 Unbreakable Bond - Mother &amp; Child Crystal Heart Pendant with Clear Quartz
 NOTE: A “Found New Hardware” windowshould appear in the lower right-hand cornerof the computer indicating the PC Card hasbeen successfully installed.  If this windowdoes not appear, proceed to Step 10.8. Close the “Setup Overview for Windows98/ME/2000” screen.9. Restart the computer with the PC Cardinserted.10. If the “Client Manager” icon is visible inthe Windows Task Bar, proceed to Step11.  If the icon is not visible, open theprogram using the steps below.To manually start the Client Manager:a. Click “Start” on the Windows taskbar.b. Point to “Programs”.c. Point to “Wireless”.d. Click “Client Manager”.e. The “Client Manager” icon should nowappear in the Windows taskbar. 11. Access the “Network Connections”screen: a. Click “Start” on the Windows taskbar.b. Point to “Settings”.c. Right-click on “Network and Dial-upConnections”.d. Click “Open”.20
---
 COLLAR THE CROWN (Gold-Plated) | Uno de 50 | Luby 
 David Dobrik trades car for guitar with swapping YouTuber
---
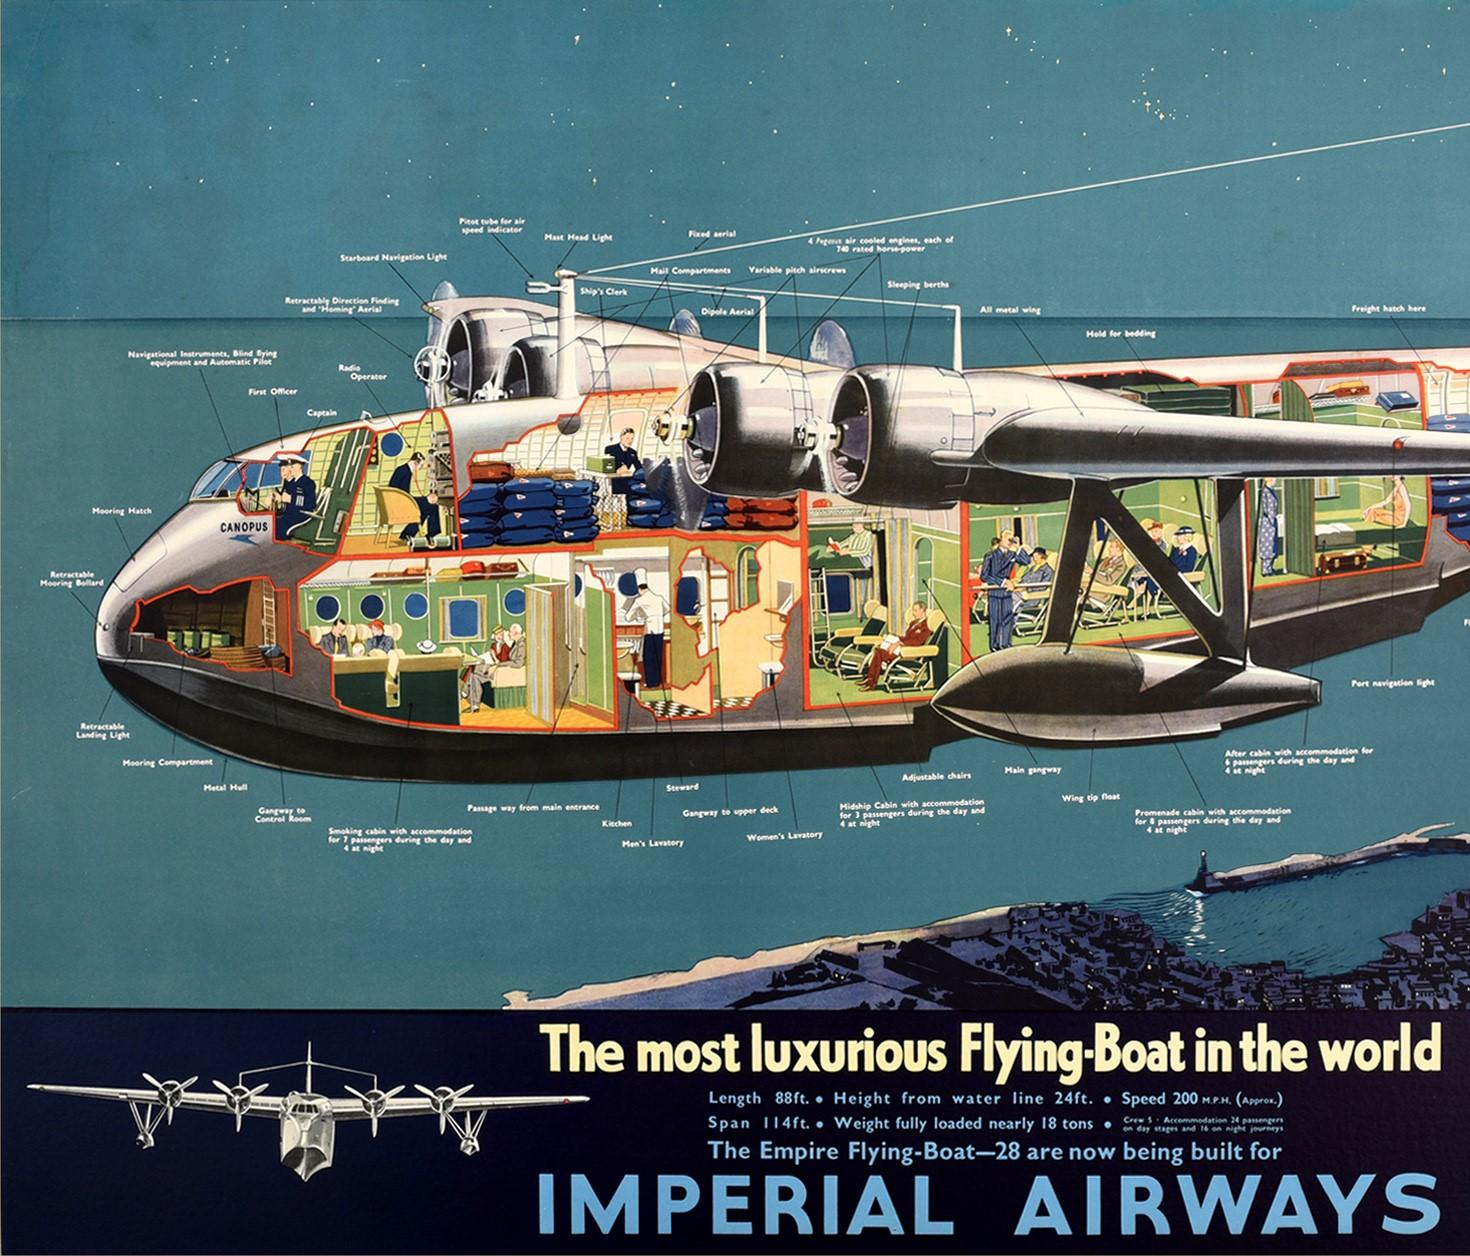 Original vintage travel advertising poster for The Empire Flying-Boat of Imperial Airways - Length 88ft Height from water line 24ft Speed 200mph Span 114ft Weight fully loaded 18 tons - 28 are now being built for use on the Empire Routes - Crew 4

EXERCISE OBJECTIVE: A single figure is the whole answer: the number of lines in the listing that contain the word "with".

YOUR SOLUTION: 3